Trudno powiedzieć, w jakiej mierze powstanie społeczeństwa masowego sprzyjało rozwojowi totalitaryzmu. Hannah Arendt, politolog pochodzenia niemieckiego, uważa, że miało znaczący wpływ. Jak napisała w książce Korzenie totalitaryzmu, ustrój ten zbudowany jest nie na klasach, lecz na masach, w których „ze względu na samą ich [ludzi] liczbę bądź bierność albo połączenie obu tych czynników, nie można stworzyć żadnej organizacji opierającej się na wspólnocie interesów, żadnej partii politycznej, władzy municypalnej, organizacji zawodowej lub związkowej”.
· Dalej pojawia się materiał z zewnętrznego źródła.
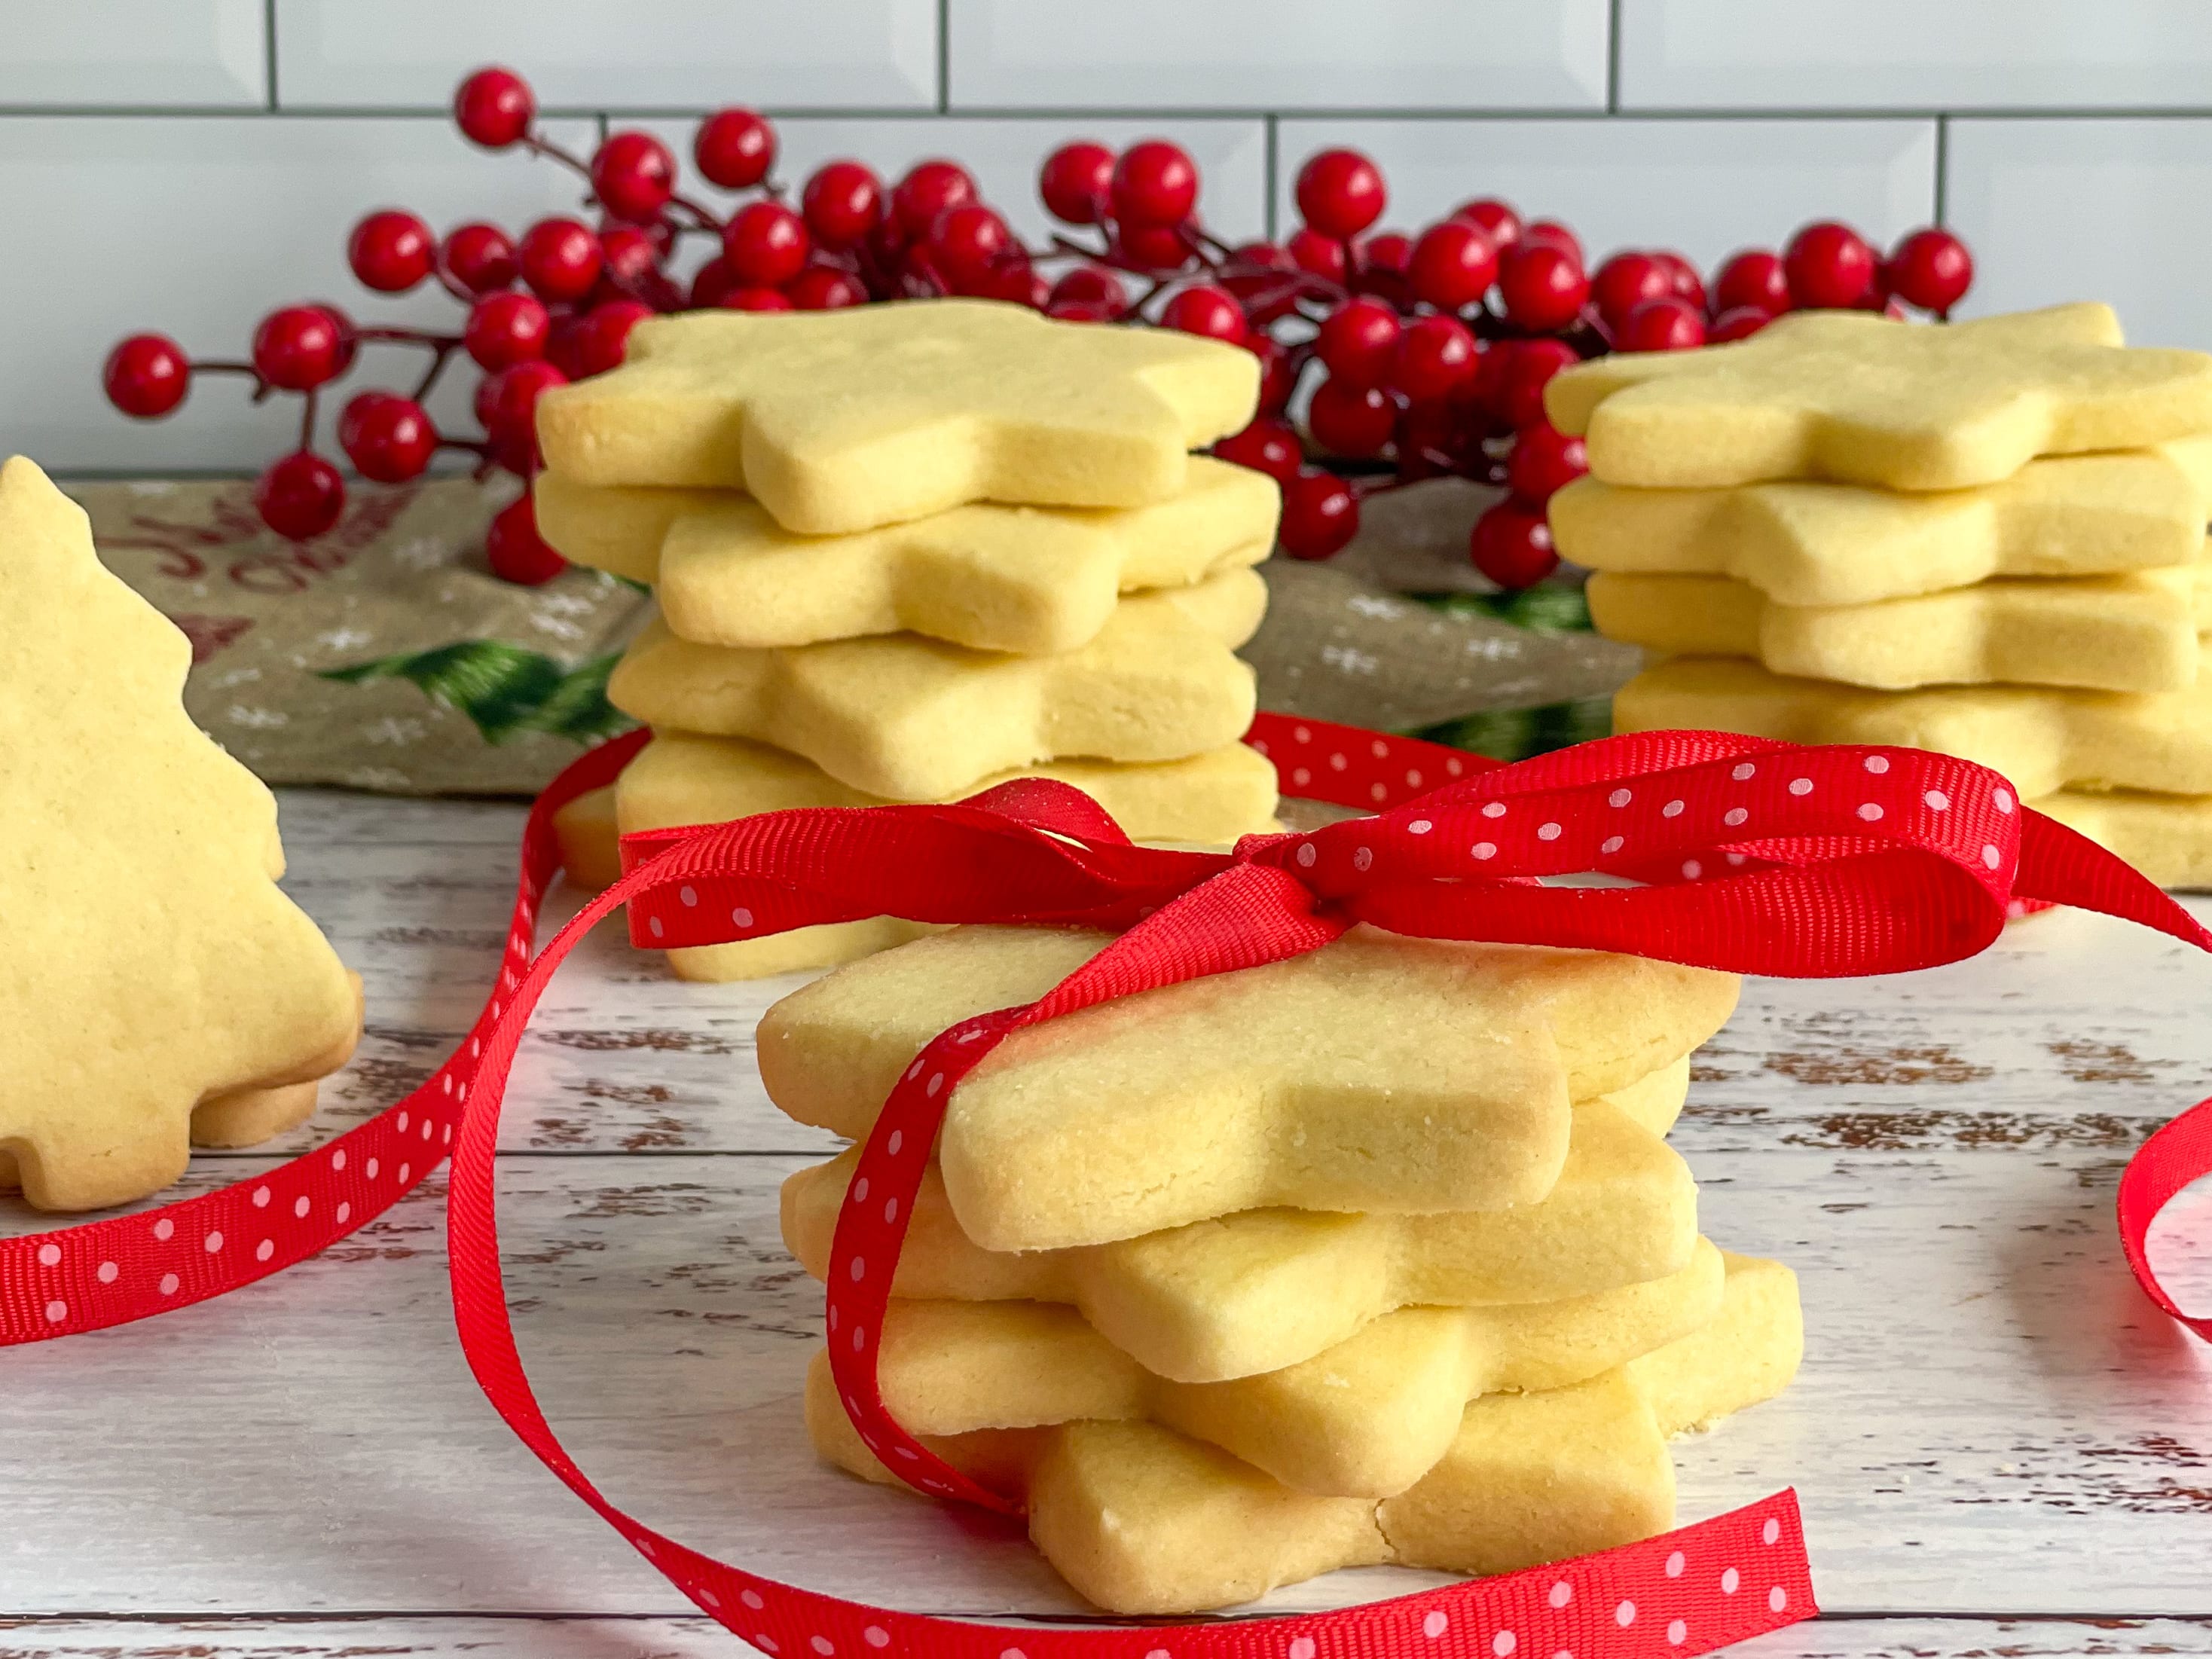 Traditional moulded shortbread – using my Mum's shortbread mould

Wśród czynników, które zrodziły totalitaryzm, H. Arendt wymienia również imperializm, antysemityzm oraz rozpad tradycyjnych państw narodowych.
Imperializm?
Krótko przed przełomem wieków nastąpiło ogromne ożywienie kolonializmu. Zdaniem brytyjskiego ekonomisty Johna Atkinsona Hobsona na lata 1884 do 1914 przypada okres nazywany obecnie neoimperializmem. Nie było to nic innego, jak autorytarne użycie władzy dla poszerzenia imperiów podlegających rządom monarchicznym i demokratycznym. Dominację nad innymi krajami uzyskiwano albo przez bezpośredni podbój, albo przez pośrednie podporządkowanie sobie ich polityki i gospodarki. Według Hobsona imperializm ma podłoże głównie ekonomiczne. Ten nowy rodzaj kolonializmu istotnie miał często mniej wspólnego z władzą polityczną niż z ekspansją gospodarczą i pozyskiwaniem nowych rynków zbytu dla towarów własnego państwa.
Nigdzie nie było to bardziej widoczne niż w systematycznym podboju Afryki. Już na początku lat osiemdziesiątych XIX wieku Anglia, Francja i Portugalia miały liczne kolonie w Afryce. Ale kiedy Belgia i Niemcy zaczęły łakomie spoglądać na ich posiadłości, współzawodnictwo rozgorzało na dobre. Wkrótce pod panowaniem państw europejskich znalazł się cały kontynent oprócz Etiopii i Liberii. Czarni Afrykanie byli zmuszeni się przyglądać, jak biali osadnicy „chrześcijańscy” zagarniają ich ziemię.
Do rangi imperium urosły też Stany Zjednoczone Ameryki. Pod koniec XIX wieku powiększyły swe terytorium o Alaskę, Hawaje, Filipiny, Guam, Samoa i inne wyspy na Oceanie Spokojnym, a ponadto o Puerto Rico i parę innych wysp karaibskich. Godna uwagi jest wypowiedź Henry’ego F. Graffa, profesora historii na Uniwersytecie Columbia: „Poczynania chrześcijańskich misjonarzy miały równie wielki wpływ na kształt współczesnego imperializmu, jak działalność publicystów”. Gdyby jednak ci misjonarze byli prawdziwymi chrześcijanami, zachowaliby neutralność polityczną nie tylko wobec podboju Afryki, ale też i wobec innych dążeń kolonialnych, zgodnie ze słowami Jezusa: „Nie należą do świata, jak i ja nie należę do świata” (Jana 17:16; Jakuba 4:4).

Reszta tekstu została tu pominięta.